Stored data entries
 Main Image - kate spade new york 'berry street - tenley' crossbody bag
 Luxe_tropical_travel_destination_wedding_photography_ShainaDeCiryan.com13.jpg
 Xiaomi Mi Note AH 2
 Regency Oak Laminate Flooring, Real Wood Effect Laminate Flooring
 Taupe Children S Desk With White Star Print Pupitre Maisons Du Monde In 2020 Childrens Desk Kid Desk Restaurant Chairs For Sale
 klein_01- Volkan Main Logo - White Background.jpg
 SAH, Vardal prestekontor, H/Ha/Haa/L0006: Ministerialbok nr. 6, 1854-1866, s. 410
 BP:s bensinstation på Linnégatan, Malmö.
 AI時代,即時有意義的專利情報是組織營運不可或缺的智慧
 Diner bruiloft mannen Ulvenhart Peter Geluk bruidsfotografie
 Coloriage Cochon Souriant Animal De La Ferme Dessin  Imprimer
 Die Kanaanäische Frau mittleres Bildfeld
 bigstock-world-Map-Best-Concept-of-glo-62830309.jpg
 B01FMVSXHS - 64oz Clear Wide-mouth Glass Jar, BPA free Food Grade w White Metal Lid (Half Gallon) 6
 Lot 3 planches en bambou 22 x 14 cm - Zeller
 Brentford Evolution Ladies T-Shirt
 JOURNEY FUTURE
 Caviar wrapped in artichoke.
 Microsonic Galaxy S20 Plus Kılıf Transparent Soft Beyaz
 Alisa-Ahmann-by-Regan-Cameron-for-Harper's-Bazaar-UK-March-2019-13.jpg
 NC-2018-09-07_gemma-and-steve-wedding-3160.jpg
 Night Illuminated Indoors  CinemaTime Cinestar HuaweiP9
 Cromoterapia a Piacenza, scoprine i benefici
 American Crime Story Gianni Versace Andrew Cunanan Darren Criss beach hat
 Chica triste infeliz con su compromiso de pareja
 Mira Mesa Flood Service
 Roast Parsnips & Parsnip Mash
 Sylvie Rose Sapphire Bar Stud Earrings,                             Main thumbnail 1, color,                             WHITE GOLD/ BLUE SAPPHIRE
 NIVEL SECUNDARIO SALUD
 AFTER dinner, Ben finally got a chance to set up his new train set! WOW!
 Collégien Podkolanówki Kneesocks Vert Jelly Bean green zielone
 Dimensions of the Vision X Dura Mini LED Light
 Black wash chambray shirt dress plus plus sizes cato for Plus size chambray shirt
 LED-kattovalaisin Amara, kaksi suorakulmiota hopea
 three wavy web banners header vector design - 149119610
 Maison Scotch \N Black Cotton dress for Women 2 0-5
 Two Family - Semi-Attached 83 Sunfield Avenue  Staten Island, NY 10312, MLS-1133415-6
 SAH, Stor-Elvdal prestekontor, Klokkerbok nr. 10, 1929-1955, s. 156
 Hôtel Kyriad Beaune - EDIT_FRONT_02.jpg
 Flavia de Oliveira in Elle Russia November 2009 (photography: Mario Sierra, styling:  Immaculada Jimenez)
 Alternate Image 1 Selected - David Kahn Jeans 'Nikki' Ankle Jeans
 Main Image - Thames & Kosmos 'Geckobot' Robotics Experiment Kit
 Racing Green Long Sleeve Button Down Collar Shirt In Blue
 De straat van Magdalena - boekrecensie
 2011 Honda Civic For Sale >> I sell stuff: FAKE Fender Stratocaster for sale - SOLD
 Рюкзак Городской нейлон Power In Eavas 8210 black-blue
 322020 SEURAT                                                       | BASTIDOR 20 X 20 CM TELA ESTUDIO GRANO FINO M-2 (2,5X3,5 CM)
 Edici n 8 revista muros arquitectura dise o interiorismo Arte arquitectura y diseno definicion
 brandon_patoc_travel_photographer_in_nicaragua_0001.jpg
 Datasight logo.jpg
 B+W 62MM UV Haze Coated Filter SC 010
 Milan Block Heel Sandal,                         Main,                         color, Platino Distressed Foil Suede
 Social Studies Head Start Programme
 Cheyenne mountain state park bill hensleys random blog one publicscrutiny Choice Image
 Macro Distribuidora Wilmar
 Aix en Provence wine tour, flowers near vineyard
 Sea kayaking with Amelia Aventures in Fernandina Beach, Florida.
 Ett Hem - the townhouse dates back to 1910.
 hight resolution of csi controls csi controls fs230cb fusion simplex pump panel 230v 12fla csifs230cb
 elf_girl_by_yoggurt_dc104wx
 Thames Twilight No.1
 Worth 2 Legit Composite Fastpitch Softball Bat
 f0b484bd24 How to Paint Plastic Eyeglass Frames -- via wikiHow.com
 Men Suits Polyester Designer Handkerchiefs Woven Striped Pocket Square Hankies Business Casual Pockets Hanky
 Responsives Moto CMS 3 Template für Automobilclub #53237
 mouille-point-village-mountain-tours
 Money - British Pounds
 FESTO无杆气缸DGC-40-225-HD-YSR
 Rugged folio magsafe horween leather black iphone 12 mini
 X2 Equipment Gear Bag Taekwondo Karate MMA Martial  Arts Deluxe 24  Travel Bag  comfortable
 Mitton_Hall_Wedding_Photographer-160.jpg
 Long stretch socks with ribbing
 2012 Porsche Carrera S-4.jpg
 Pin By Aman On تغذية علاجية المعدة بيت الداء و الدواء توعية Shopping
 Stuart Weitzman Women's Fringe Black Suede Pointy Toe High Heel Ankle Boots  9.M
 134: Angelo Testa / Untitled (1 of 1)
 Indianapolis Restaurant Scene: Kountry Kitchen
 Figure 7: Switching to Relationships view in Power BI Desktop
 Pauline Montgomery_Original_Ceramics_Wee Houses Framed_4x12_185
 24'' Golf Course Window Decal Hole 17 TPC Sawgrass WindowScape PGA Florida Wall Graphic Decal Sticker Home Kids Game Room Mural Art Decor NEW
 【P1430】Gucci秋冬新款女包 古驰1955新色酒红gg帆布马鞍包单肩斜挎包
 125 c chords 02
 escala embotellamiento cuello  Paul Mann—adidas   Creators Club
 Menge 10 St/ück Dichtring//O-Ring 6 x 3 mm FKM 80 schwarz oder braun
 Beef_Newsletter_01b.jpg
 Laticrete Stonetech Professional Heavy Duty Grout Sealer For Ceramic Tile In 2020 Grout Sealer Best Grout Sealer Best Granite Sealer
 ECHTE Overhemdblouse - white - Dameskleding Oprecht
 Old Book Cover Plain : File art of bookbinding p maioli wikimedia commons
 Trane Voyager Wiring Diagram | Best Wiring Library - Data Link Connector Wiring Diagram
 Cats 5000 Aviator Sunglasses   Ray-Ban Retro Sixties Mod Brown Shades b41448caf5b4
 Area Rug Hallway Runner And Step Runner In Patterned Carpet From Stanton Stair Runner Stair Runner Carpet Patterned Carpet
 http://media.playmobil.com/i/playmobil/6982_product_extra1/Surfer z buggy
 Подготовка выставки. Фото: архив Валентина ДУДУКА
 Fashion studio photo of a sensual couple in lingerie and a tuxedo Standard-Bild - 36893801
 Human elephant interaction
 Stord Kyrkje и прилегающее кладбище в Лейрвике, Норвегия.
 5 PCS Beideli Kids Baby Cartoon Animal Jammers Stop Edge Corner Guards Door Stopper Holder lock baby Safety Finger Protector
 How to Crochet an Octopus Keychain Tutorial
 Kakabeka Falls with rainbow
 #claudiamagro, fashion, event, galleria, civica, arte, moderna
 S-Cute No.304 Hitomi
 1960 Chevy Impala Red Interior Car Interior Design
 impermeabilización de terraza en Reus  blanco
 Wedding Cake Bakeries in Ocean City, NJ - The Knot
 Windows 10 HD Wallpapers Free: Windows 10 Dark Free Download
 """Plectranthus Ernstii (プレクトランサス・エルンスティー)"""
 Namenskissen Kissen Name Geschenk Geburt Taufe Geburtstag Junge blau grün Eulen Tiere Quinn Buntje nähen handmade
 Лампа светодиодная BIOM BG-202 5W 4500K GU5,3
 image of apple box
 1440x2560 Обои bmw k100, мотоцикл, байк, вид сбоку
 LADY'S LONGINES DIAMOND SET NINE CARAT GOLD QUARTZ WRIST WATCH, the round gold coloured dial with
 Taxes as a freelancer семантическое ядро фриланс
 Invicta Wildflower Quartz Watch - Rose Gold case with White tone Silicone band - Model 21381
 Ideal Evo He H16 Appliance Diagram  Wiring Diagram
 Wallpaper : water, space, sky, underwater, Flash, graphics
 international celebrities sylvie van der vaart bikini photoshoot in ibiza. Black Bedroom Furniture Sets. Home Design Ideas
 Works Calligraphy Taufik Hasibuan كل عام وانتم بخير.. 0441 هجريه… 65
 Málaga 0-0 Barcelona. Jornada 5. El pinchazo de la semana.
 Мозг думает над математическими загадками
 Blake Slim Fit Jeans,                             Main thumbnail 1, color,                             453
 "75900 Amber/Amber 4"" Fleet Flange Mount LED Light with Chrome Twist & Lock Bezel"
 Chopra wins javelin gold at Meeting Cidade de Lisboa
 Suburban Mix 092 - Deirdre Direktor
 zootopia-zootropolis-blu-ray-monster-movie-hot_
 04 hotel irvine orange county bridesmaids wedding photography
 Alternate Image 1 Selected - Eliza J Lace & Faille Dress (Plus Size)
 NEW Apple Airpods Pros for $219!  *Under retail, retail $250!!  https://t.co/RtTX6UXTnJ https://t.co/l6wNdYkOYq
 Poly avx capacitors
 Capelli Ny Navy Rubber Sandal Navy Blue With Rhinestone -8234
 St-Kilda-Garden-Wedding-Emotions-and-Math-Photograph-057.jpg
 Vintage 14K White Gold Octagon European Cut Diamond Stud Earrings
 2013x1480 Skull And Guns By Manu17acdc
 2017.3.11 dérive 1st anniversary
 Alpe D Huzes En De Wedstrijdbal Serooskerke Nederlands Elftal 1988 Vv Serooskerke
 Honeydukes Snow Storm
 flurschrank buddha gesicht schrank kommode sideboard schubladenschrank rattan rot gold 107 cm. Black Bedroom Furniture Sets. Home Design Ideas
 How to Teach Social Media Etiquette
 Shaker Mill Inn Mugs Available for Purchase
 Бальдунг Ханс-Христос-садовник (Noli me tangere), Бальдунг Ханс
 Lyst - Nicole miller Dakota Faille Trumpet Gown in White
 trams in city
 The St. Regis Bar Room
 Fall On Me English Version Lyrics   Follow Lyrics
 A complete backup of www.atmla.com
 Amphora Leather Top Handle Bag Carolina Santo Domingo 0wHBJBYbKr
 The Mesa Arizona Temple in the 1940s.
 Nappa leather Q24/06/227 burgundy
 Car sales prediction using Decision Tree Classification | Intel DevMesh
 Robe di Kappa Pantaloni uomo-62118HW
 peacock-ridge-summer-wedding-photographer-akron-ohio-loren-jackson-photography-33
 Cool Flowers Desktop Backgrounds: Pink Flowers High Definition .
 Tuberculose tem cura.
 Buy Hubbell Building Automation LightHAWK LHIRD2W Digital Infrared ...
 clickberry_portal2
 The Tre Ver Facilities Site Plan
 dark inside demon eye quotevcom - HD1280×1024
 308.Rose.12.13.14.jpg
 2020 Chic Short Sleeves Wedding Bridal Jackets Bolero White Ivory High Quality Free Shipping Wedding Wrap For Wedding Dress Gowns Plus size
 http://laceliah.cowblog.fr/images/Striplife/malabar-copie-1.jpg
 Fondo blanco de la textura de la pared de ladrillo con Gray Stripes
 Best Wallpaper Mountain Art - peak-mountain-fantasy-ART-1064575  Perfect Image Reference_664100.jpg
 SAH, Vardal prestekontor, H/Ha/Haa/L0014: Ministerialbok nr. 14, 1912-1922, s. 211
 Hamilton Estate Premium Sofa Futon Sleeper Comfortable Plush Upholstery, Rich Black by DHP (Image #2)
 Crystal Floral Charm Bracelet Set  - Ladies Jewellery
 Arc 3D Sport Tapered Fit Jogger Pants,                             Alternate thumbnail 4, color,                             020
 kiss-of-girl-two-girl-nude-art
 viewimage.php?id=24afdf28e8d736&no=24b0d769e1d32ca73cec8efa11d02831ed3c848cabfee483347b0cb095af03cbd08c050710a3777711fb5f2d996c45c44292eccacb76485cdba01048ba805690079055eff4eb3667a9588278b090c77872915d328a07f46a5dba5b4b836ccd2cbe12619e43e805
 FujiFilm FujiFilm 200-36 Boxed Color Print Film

WORK TASK — From the data above, reproduce word for word the lines running from the line with "Chopra wins javelin" to the line with "Shaker Mill Inn Mugs Available for Purchase", ends included.

ANSWER TO THE EXERCISE —
 Chopra wins javelin gold at Meeting Cidade de Lisboa
 Suburban Mix 092 - Deirdre Direktor
 zootopia-zootropolis-blu-ray-monster-movie-hot_
 04 hotel irvine orange county bridesmaids wedding photography
 Alternate Image 1 Selected - Eliza J Lace & Faille Dress (Plus Size)
 NEW Apple Airpods Pros for $219!  *Under retail, retail $250!!  https://t.co/RtTX6UXTnJ https://t.co/l6wNdYkOYq
 Poly avx capacitors
 Capelli Ny Navy Rubber Sandal Navy Blue With Rhinestone -8234
 St-Kilda-Garden-Wedding-Emotions-and-Math-Photograph-057.jpg
 Vintage 14K White Gold Octagon European Cut Diamond Stud Earrings
 2013x1480 Skull And Guns By Manu17acdc
 2017.3.11 dérive 1st anniversary
 Alpe D Huzes En De Wedstrijdbal Serooskerke Nederlands Elftal 1988 Vv Serooskerke
 Honeydukes Snow Storm
 flurschrank buddha gesicht schrank kommode sideboard schubladenschrank rattan rot gold 107 cm. Black Bedroom Furniture Sets. Home Design Ideas
 How to Teach Social Media Etiquette
 Shaker Mill Inn Mugs Available for Purchase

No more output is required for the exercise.